The exclusion of cases with in situ tumors (and their matched controls) from the analysis did not materially alter any of the relative risk estimates, and neither was there any such change when past users of HRT or women who reported a history of diabetes mellitus or women with breast cancer diagnosed less than 2 years after intake, were excluded from the analysis.

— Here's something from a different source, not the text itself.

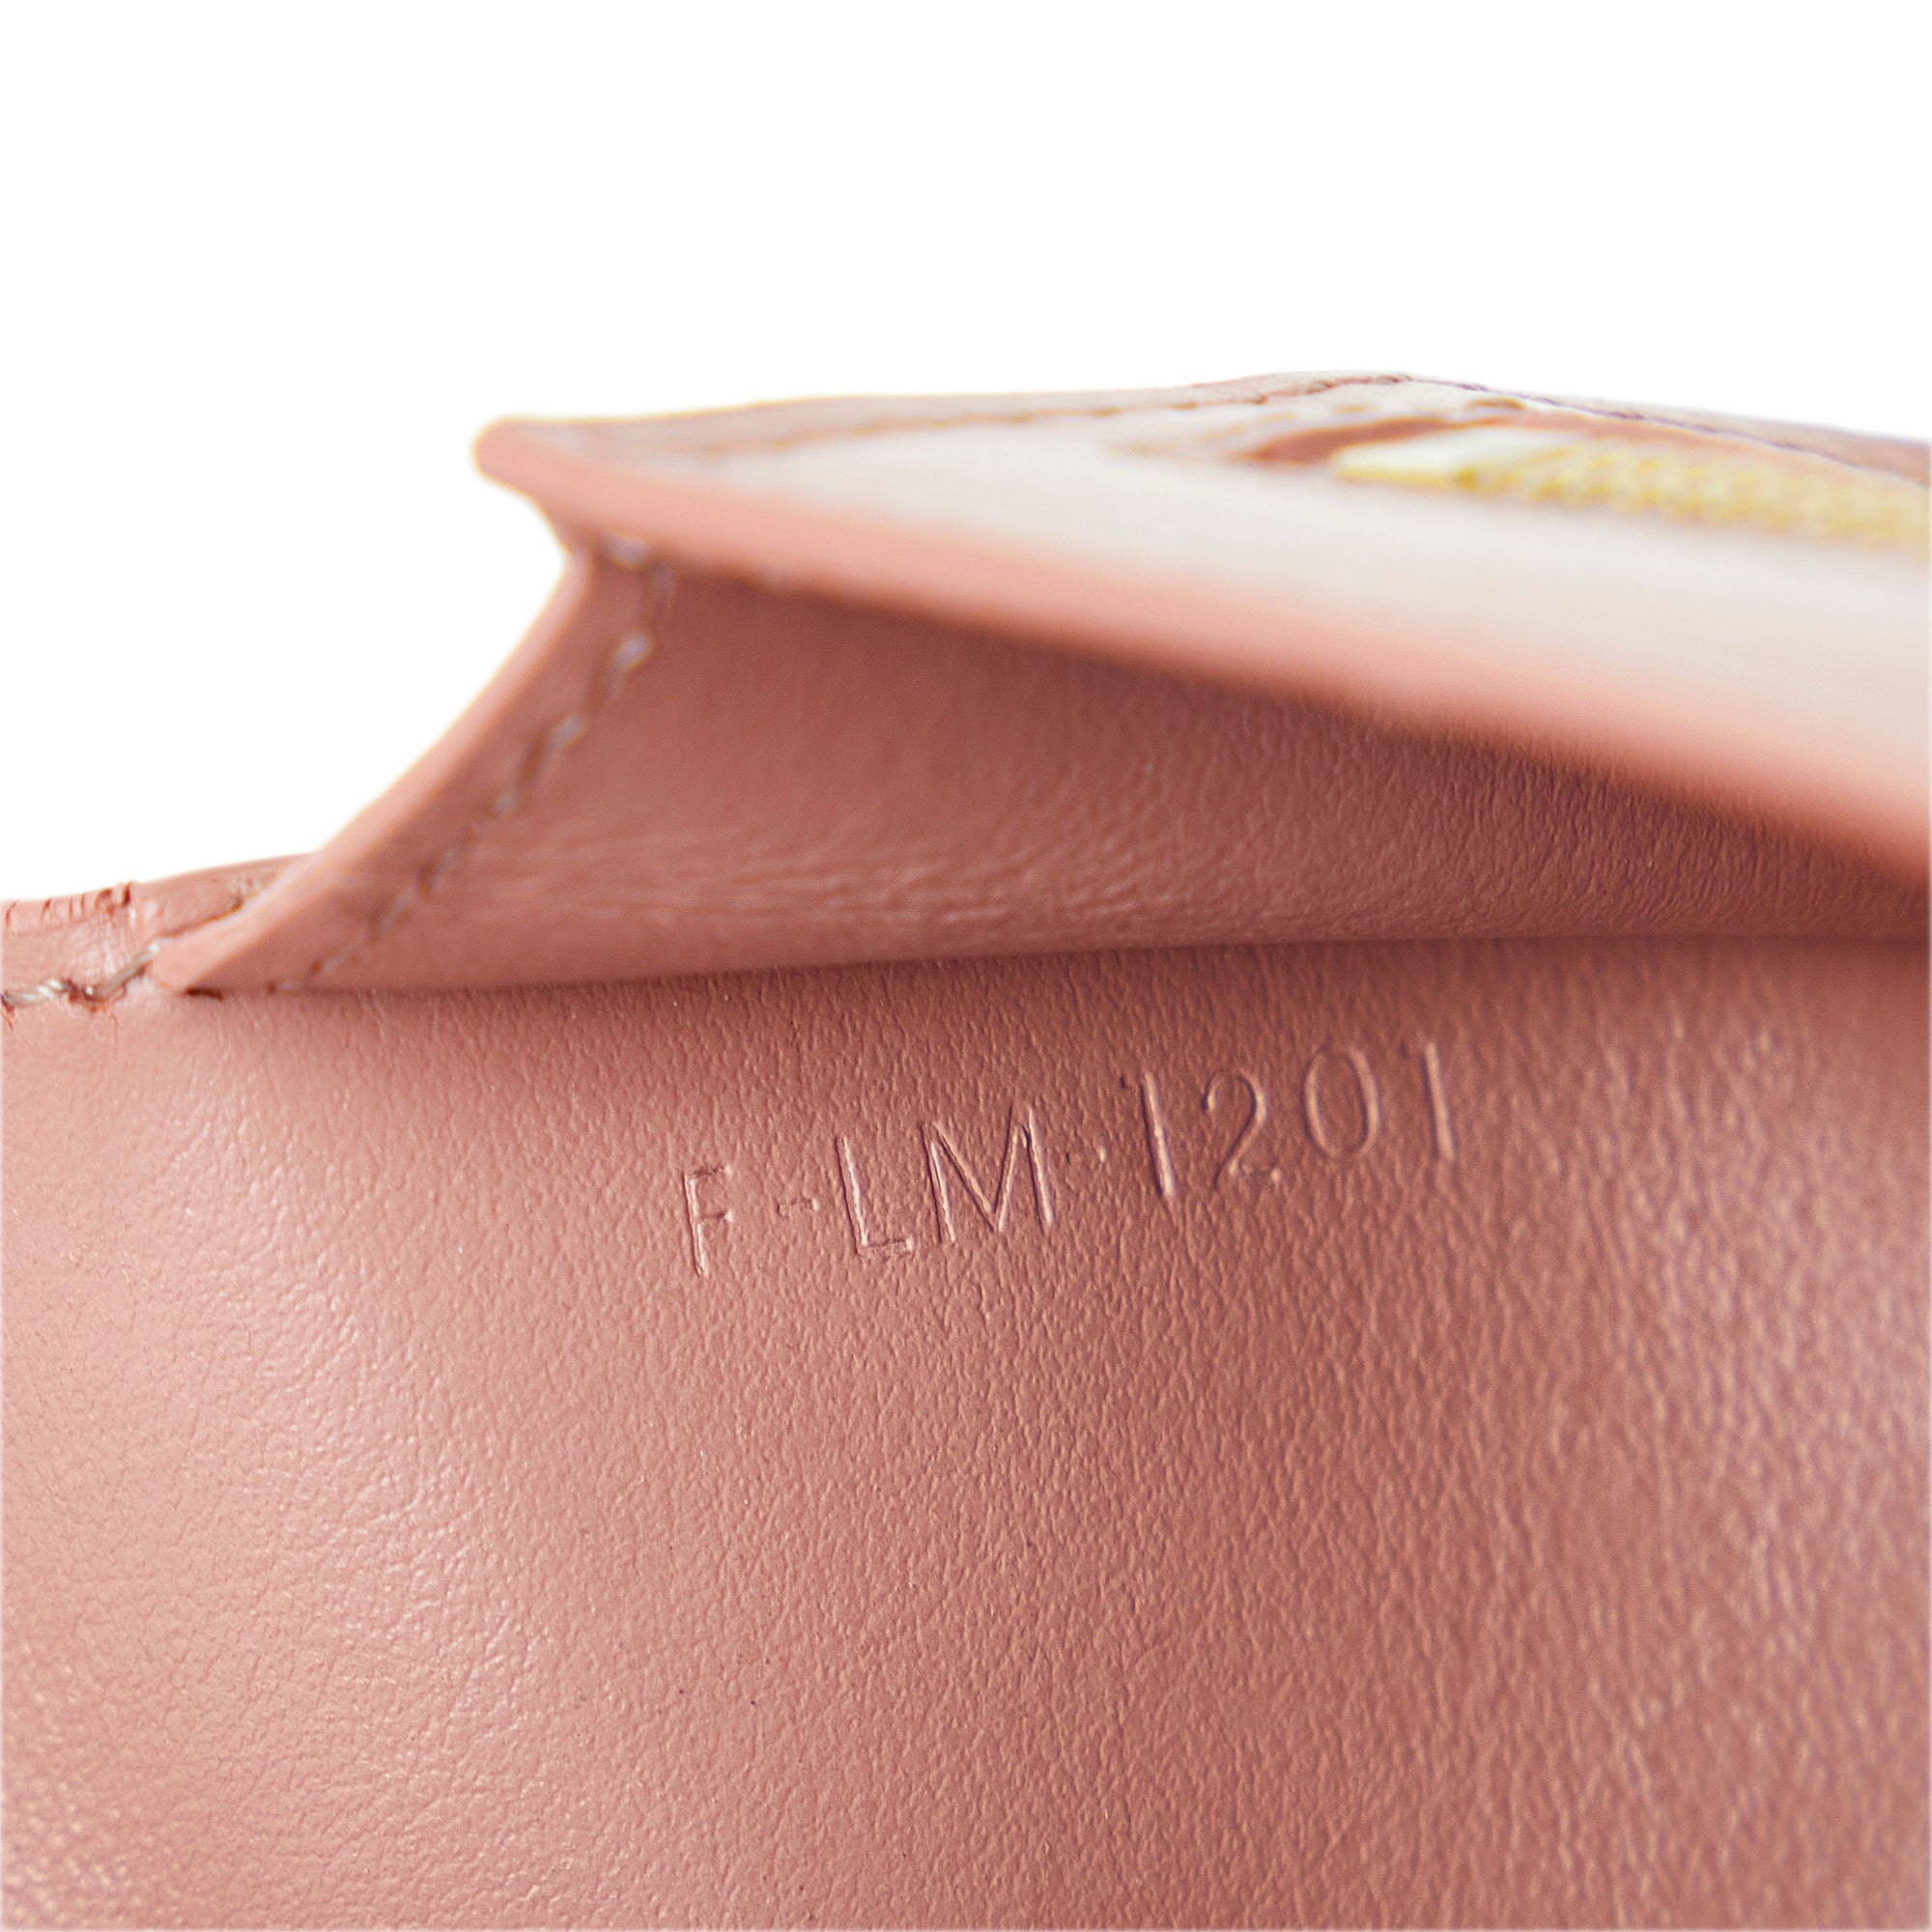 Celine Multifunction Strap Leather Wallet Small Wallets
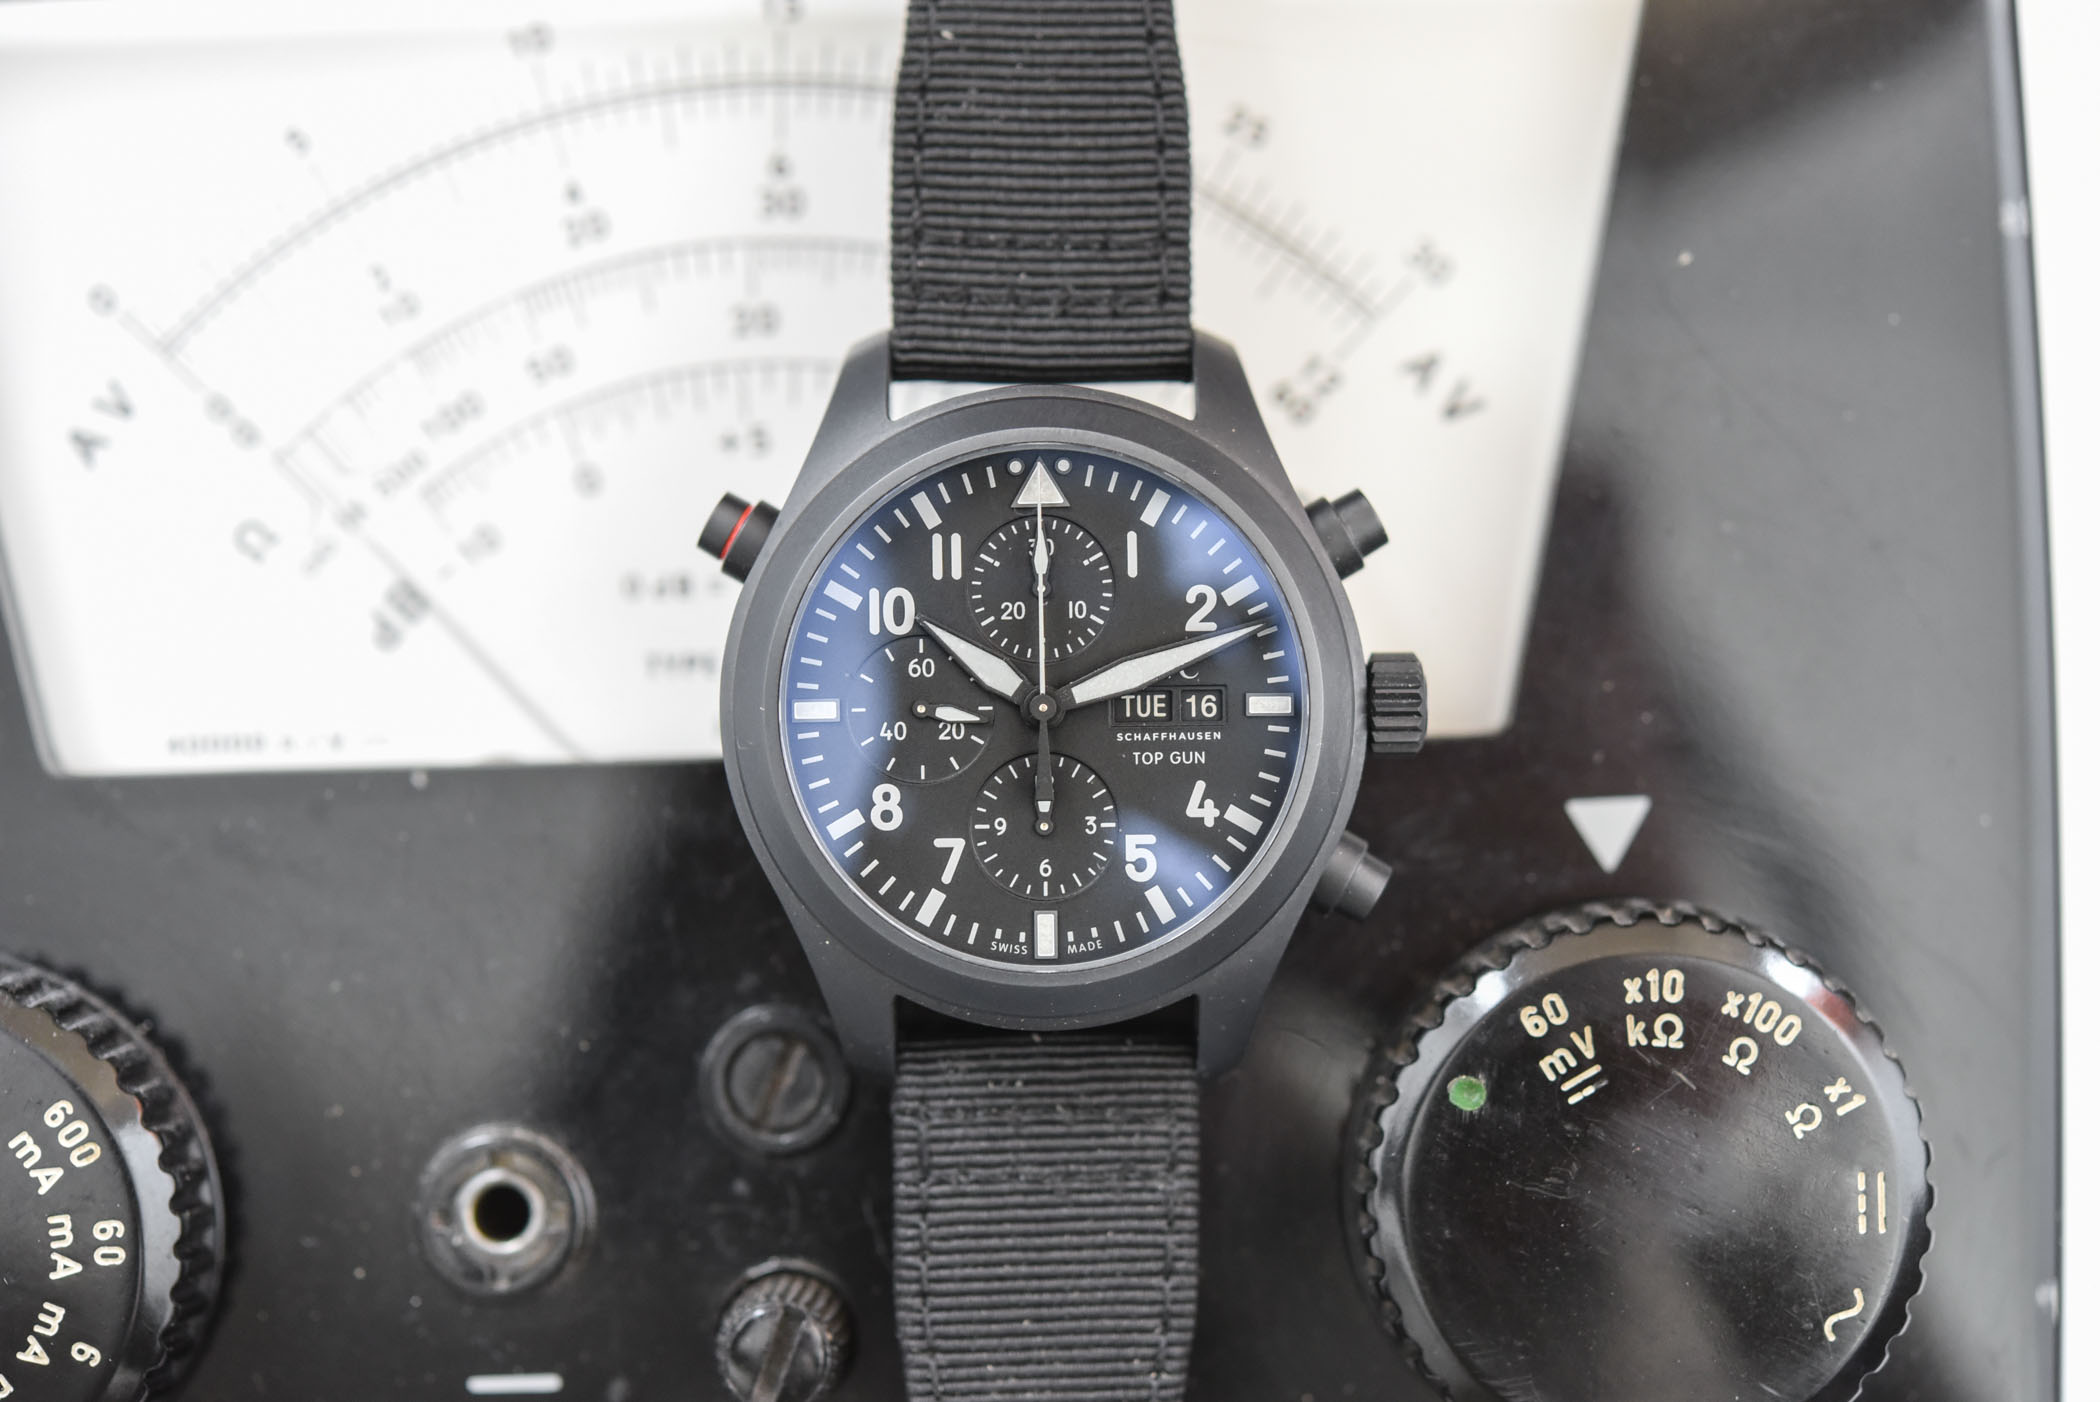 IWC Pilot's Watch Double Chronograph TOP GUN Ceratanium IW371815

Adjustments for BMI only changed the association between C-peptide and breast cancer occurrence substantially in the subgroup of women who had provided a fasting blood sample and were aged 50 or younger [OR, 0.96 (95% CI, 0.67–1.39), between extreme quintiles]. Serum levels of sex steroids and SHBG were available for most women in our study (935 cases and 1,813 control subjects). For the extreme age groups (≤50, >60 years), crude associations between serum C-peptide levels and breast cancer risk, calculated for those women who had available data on serum sex steroids and SHBG, changed only marginally, compared with crude associations calculated for the whole study population (data not shown). In the intermediate age group, associations changed moderately and became more similar to the associations in the highest age group, because most women without data on sex steroids and SHBG were premenopausal or perimenopausal [OR, 1.48 (95% CI, 0.89–2.48), between extreme quintiles]. Adjusted associations between serum C-peptide level and breast cancer risk are presented in Tables III and IV. The negative association between serum C-peptide level and breast cancer occurrence in women of the lowest age group became stronger after adjustment for serum free testosterone levels [OR, 0.51 (95% CI, 0.29–0.90), between extreme quintiles], a factor that was directly related to breast cancer risk up to age 50,24 and that was positively correlated with C-peptide levels (Table II). Adjustment for estradiol and free estradiol, however, slightly weakened the association [OR, 0.78 (95% CI, 0.40–1.53) and 0.76 (95% CI, 0.42–1.37), respectively, between extreme quintiles]. The direct association of (nonfasting) C-peptide levels with risk of breast cancer after age 60 was less strong after introducing either free testosterone or free estradiol to the model. Adjustments for combined household and recreational activity or any (nonhormonal) potential confounding factor did not show any major effect on relative risk estimates with respect to C-peptide levels.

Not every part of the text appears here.